To load the token, it calls the load_token() function within this class, which in turn checks the ‘token’ property of this class (another function), which in turn checks the ‘token’ property of the blueprint (see base.py), which calls ‘storage.get()’ to actually try to load the token from the cache/db (see the ‘get()’ function in storage/sqla.py).

authorization_required

New in version 1.3.0.

This is a decorator for a view function. If the current user does not have an OAuth token, then they will be redirected to the login() view to obtain one.

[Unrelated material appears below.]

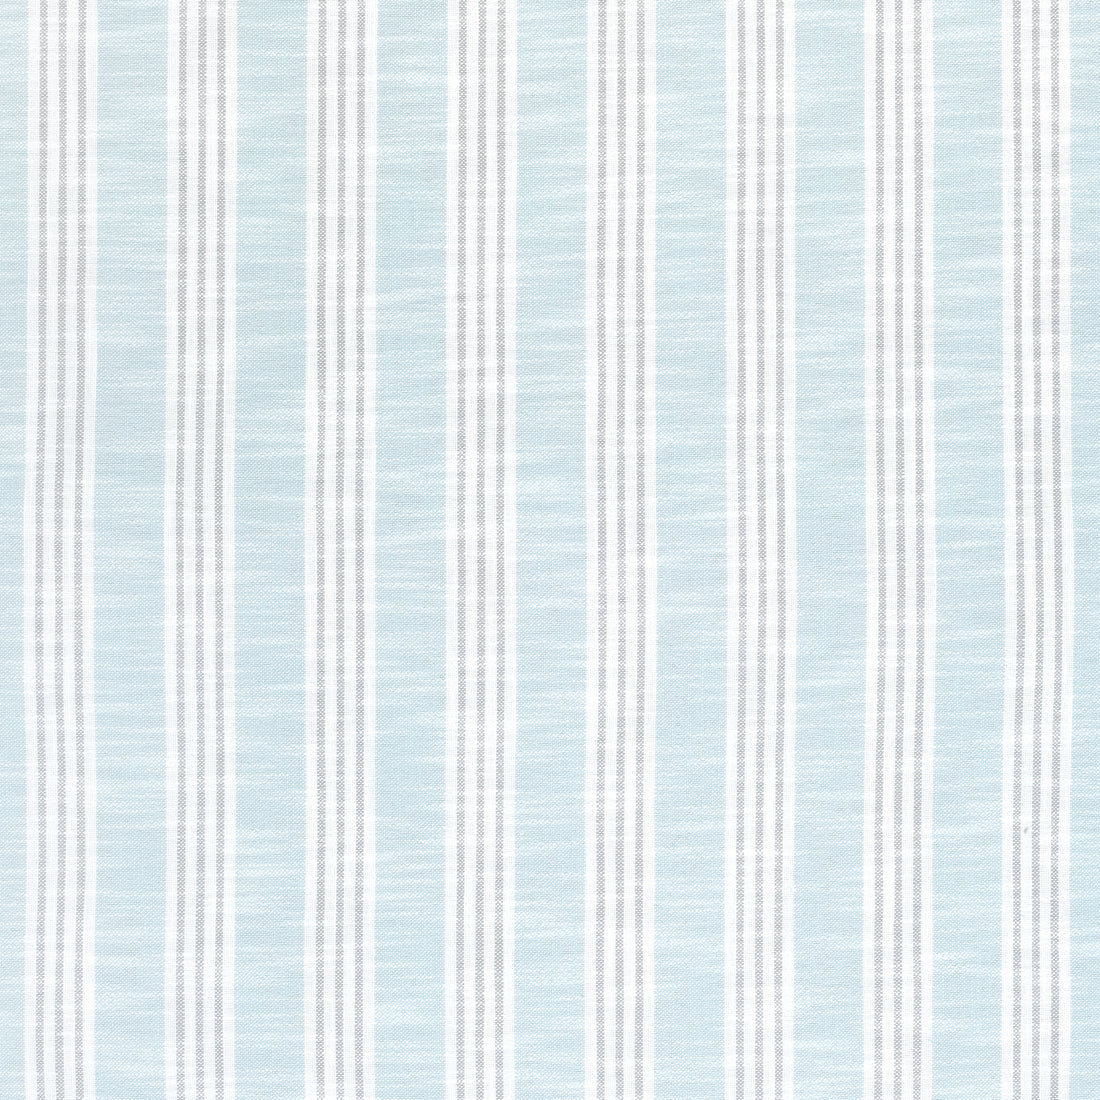 Southport Stripe fabric in seafoam and grey color - pattern number W73483 - by Thibaut in the Landmark collection

Contributing to Flask-Dance

If you want to contribute to Flask-Dance, we would love the help!

Providers

The simplest way to contribute to Flask-Dance is by adding new pre-set OAuth providers. Check out the contrib directory to see how to do that. Don’t forget to check the README file to see the requirements for getting your contribution merged!

Documentation

Contributing to the documentation is probably the best thing you can do for Flask-Dance! OAuth is complicated, and the people using Flask-Dance don’t want to understand all the details. Writing clear, comprehensive documentation will make everyone’s lives easier.

Code

The general checklist for all code contributions is:

  • Code
  • Tests
  • Docs
  • Changelog

We strive for roughly 95% test coverage. Not every line needs to be tested, but there should be a clear justification for untested lines in your pull request. You can use tox to run the unit tests on multiple Python versions locally, if you want.

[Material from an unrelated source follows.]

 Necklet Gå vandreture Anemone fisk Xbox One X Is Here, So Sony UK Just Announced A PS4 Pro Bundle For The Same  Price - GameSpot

Documenting changes is very important! Particularly when adding new features or changing existing ones, if it isn’t documented, no one will know that it exists.

The changelog is important to people who are using an old version of Flask-Dance, and want to upgrade to a more recent version. In your pull request, add a bullet point to the “unreleased” section of the changelog, describing what your change does.

Do not modify the version number in your pull request. The maintainer will change the version number when releasing a new version of Flask-Dance.

Don’t be afraid to ask for help! If you have a code change you’d like to make, and you don’t know how to write the tests or the docs, you’re welcome to open a pull request anyway and ask for help with completing the remaining steps. (Just don’t expect your pull request to be merged until those steps are complete!)